At the end of this process, we created an index based on the following 30 product codes representing medium risk digital diabetes medical devices.

Frankly, Class I, Class II, and Class III medical devices (from products exempted from premarket review to products that require premarket approval) and those I was talking to are mostly intermediate risk. was involved in the business of

Using indexes

By defining an index for each product code, the index allowed us to see broadly how that category performed in nearly every dimension in which FDA generated data. For example, I first wanted to see how these medium-risk digital diabetes medical devices were fair in terms of FDA review time.

Black lines are 30 digital diabetes product codes. What looks like a blue area is actually 6600 vertical blue lines sorted from shortest to longest average review time within each product code. The shortest average review time for a single product code is just over 50 days, and the longest average review time for a specific product code is over 500 days.

Digital diabetes products are clustered towards the end of a lengthy review. The mean is shown by the dotted line, and all digital diabetes products are well above the mean. You can see why I do this because there really isn’t such a thing as a typical medical device review time. Instead, they vary greatly by product code.

Seeing this, I was curious if this pattern would change over time. The chart above is just an average of about 12 years of data (2010-2022). In the chart below, I’ve broken it down by year.

These are calendar years and we did our analysis in October 2022, so that year is a partial year.

Since I only used two colors, I need a little explanation about the colors. We used pink to represent the Digital Diabetes Index review time and chose blue to represent the average for all medical devices. It is easy to see that the average for all medical devices is usually significantly exceeded over the period of . However, in his two years of 2019 and his 2020, the average of all medical devices surpassed digital diabetes product review time. I honestly don’t understand why 2019 and 2020 are different from the overall trend.

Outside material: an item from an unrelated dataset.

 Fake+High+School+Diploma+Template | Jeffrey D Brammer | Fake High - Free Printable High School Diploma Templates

Looking at the data, I understandably wondered why the FDA is reviewing digital diabetes products so slowly compared to the overall average. To find answers, we looked at data on post-market experience with these products. Specifically, we looked at the number of medical device reports submitted against indexed digital diabetes product codes and all other product codes.

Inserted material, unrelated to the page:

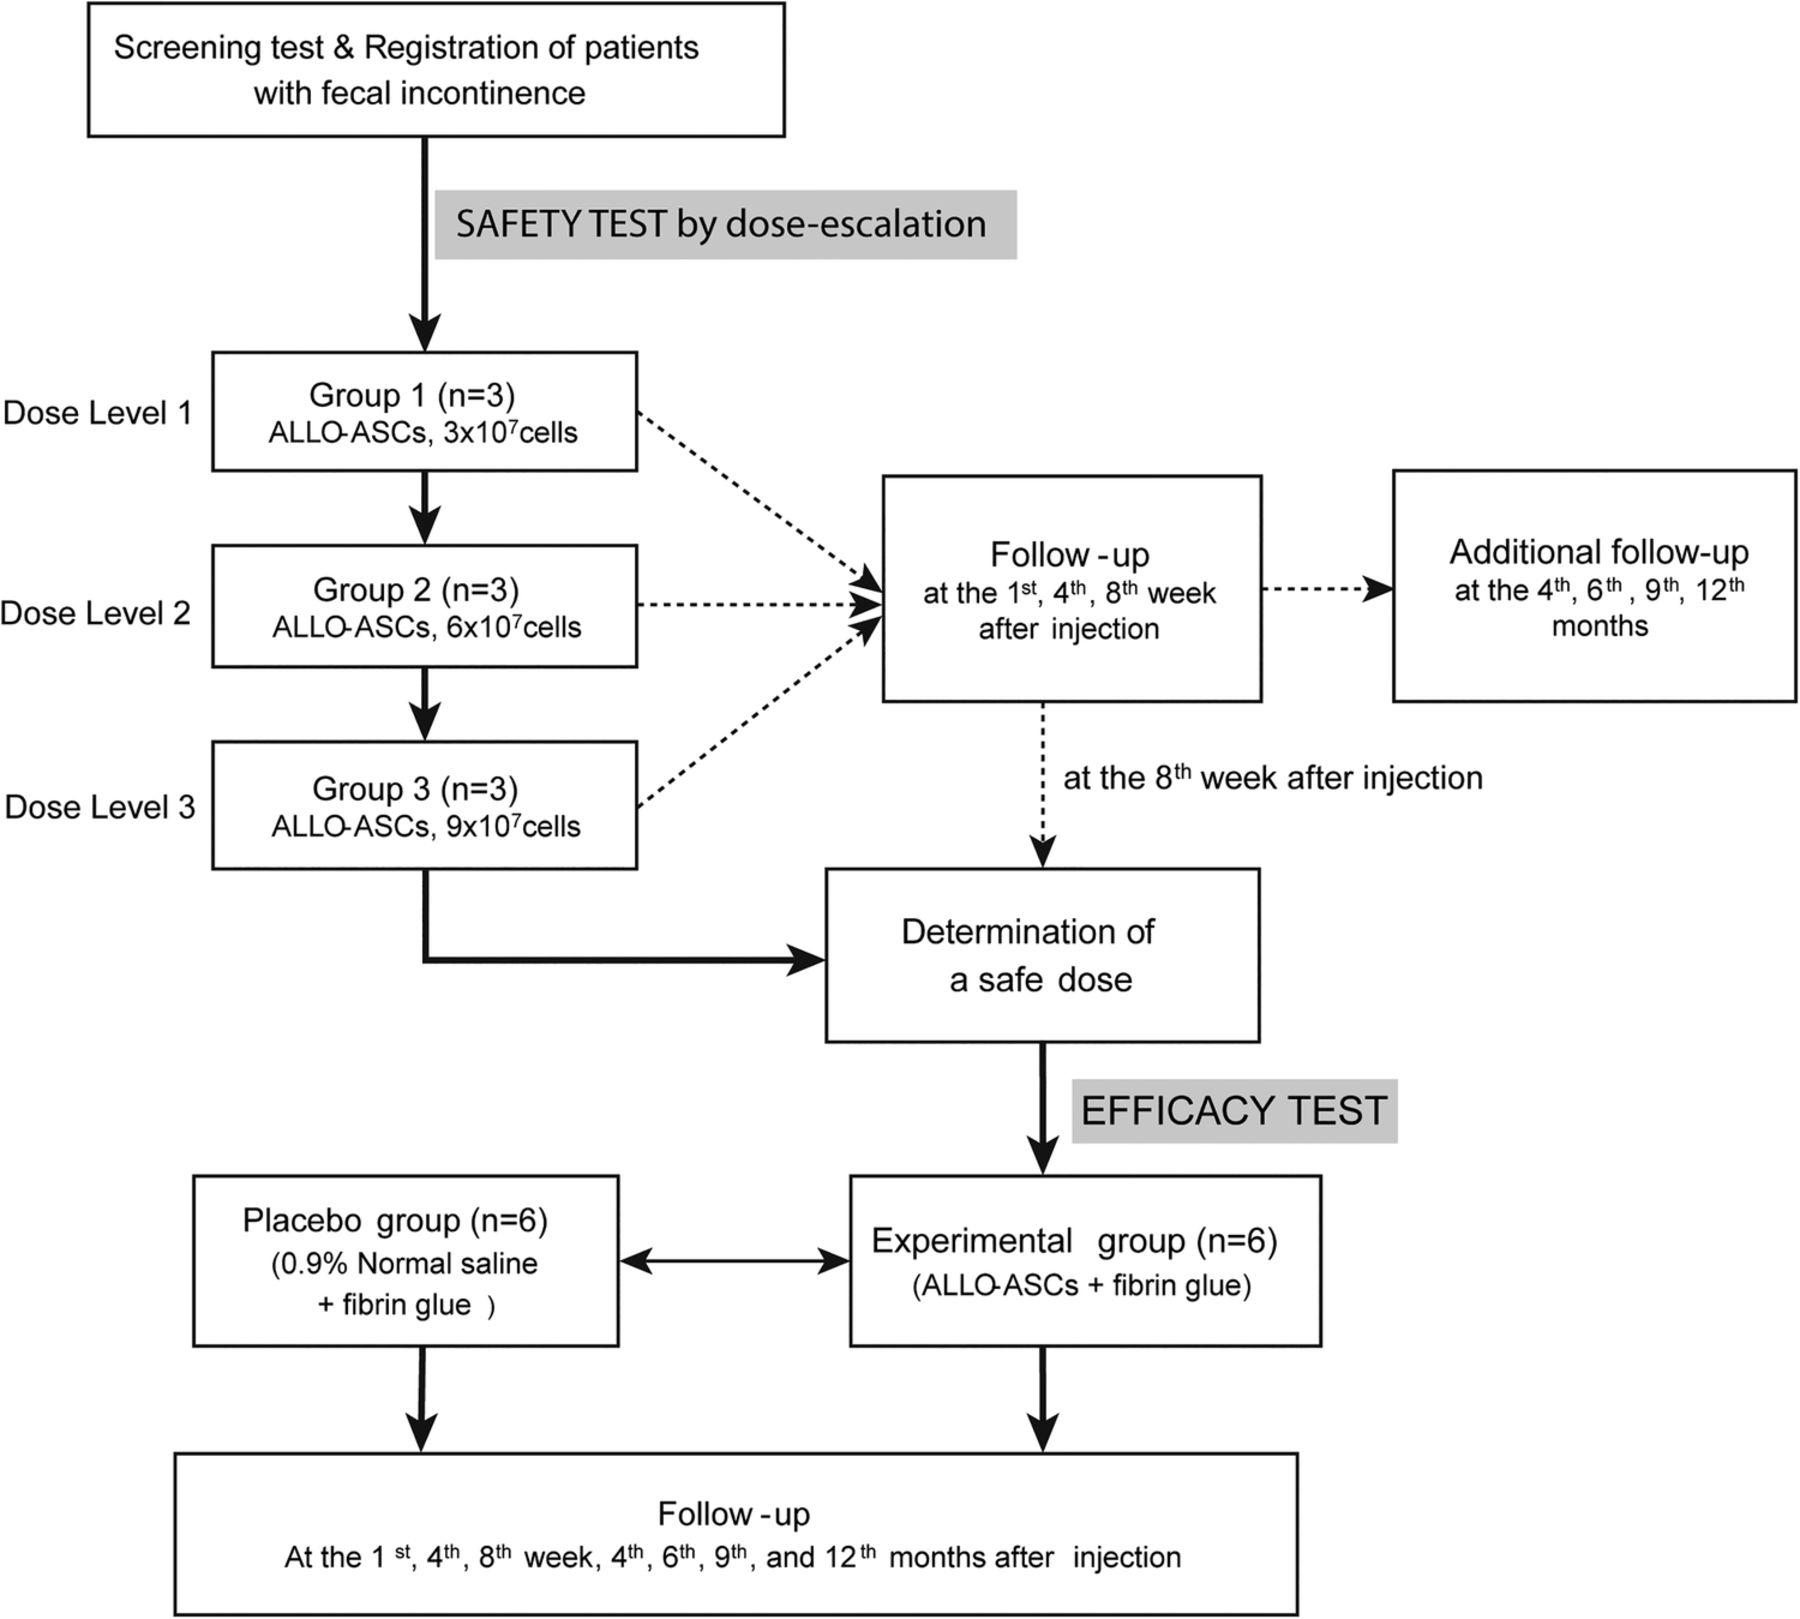 Treatment of faecal incontinence using allogeneic-adipose

Here, we focused only on the 20 worst medical device product codes to make the visualization easier to read. “Worst” means the highest number of Medical Device Reports (“MDRs”) filed in a particular year. So these are the things that the FDA has the greatest interest in when it comes to product safety and efficacy I chose his 2021 because that’s the most recent year’s worth of him I’ve had because it was the data of

You can see that the number of MDRs drops sharply by product code. The black bar is the digital diabetes index product code. There are 5 product codes in the top 20 product codes included in the digital diabetes space.

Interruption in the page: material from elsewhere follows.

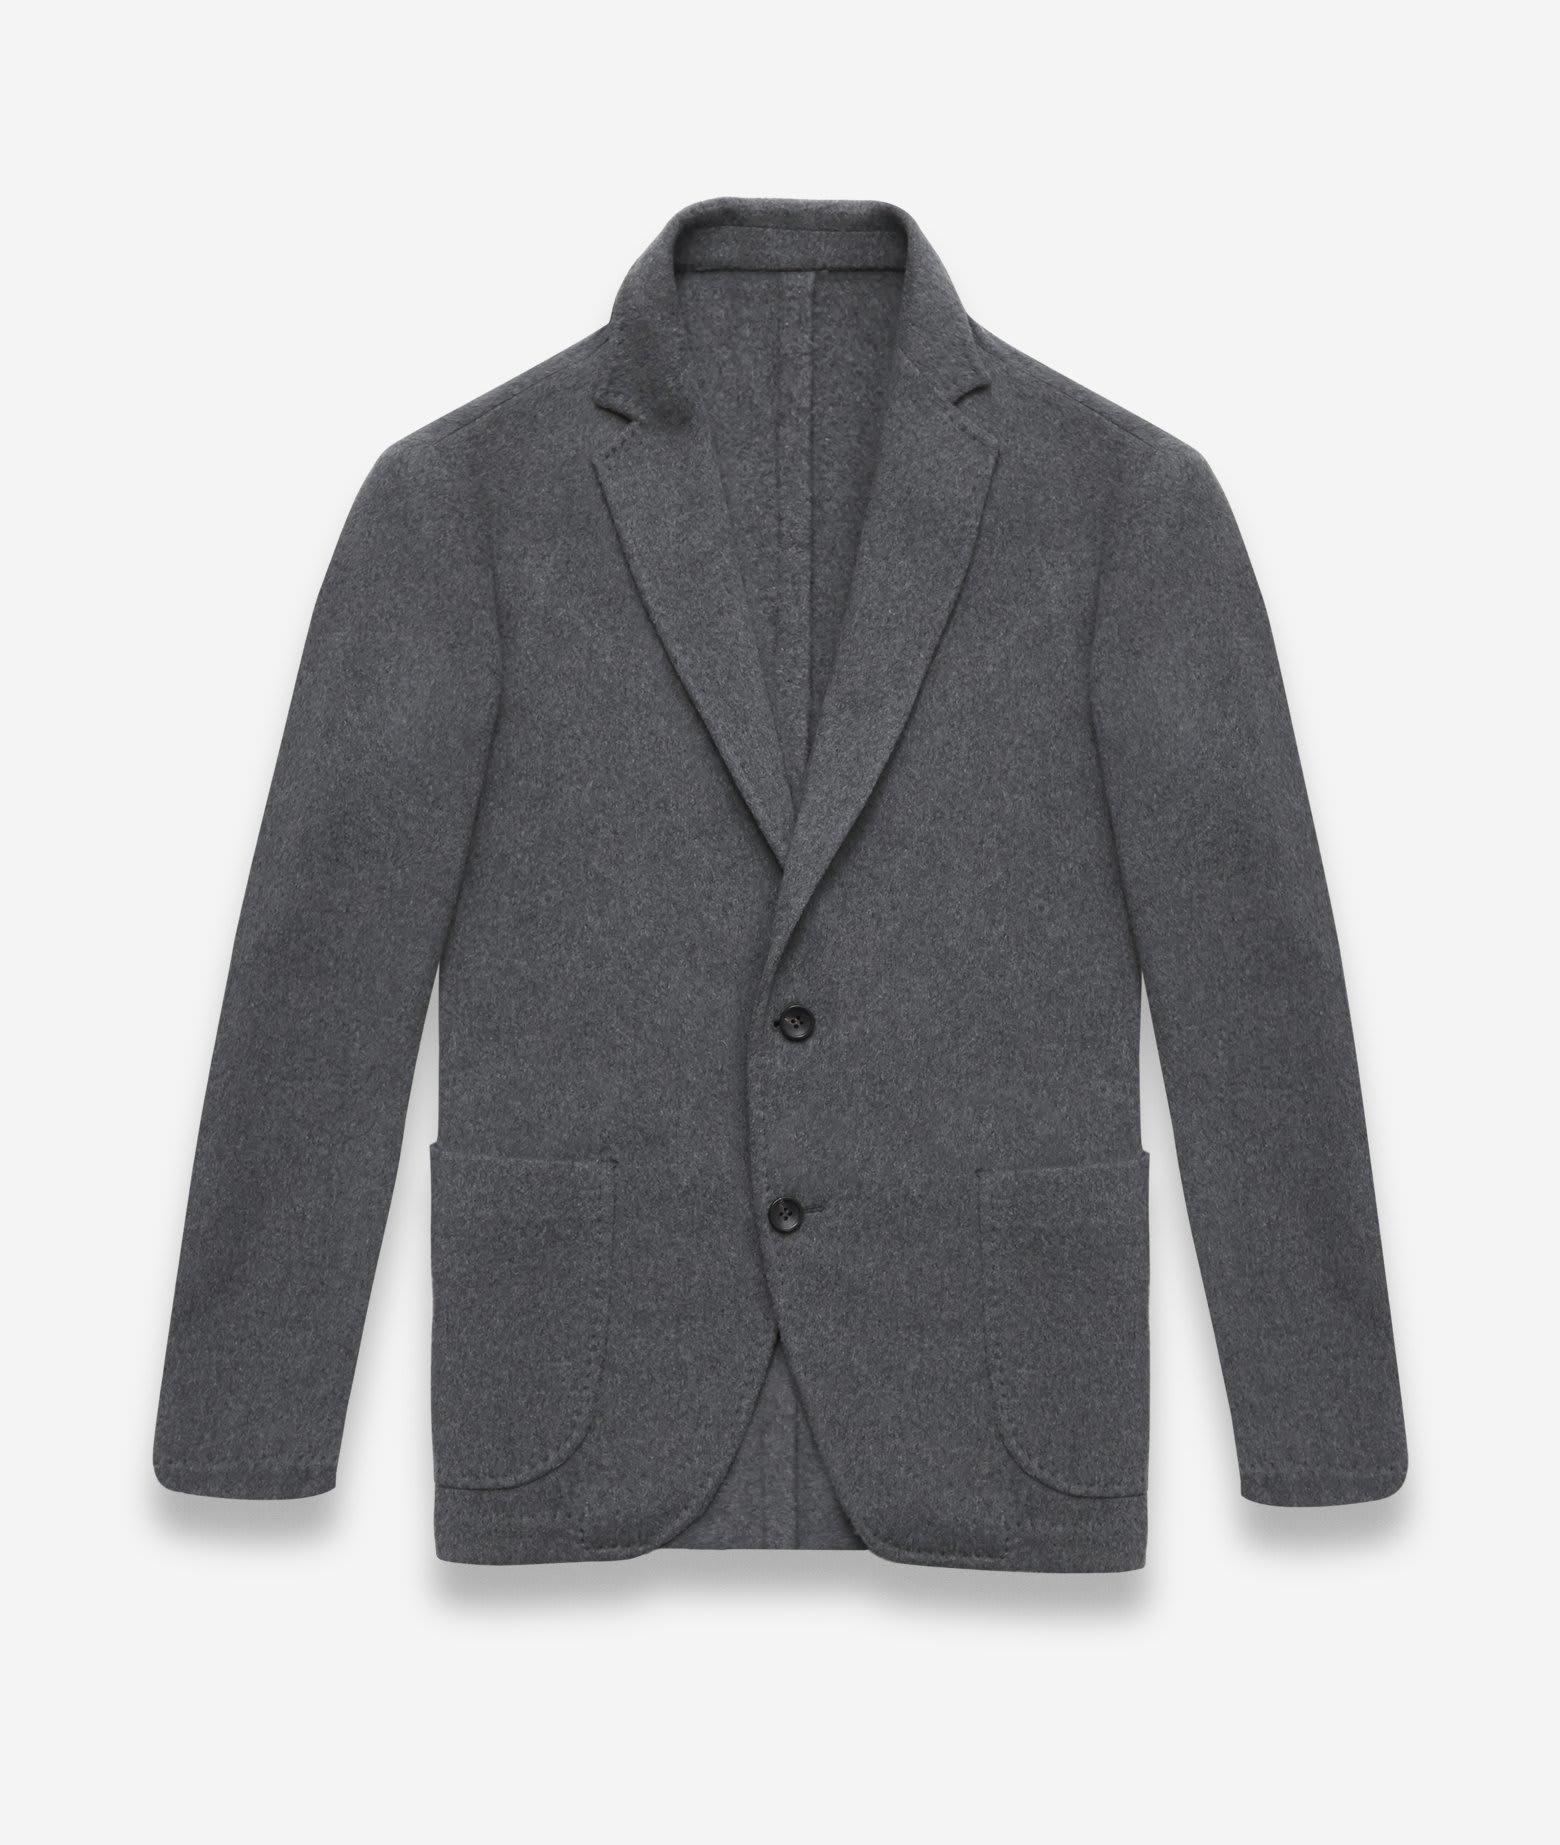 Cashmere Sport Coat whitman

I don’t want to oversimplify this complex issue. Analyzing why these data are the way they are is beyond the scope of this article. Most people with diabetes are aware that many of them are elderly and face many challenges, such as difficulty using various medical devices due to their poor eyesight and handicap. think. Also, obviously, the sheer number of diabetics means that many of these products are in circulation at once.

We do not deny the need for a more nuanced evaluation of the data, but from a big picture perspective, these data are what FDA sees in postmarket experience, and this experience is likely a reflection of FDA’s conservatism. I would like to point out that I am contributing. About how we review new product submissions in this category.

Conclusion

In many cases, when looking at the data, it is important not to treat the medical device industry as a whole as if it were homogeneous, or to focus too much on individual products or product codes when trying to discern FDA trends. is. Indexing is one way companies can track the relevant regulatory environment in which they operate. And that tracking gives us insight into what the industry generally needs to do at a high level and what we can expect from FDA regulation.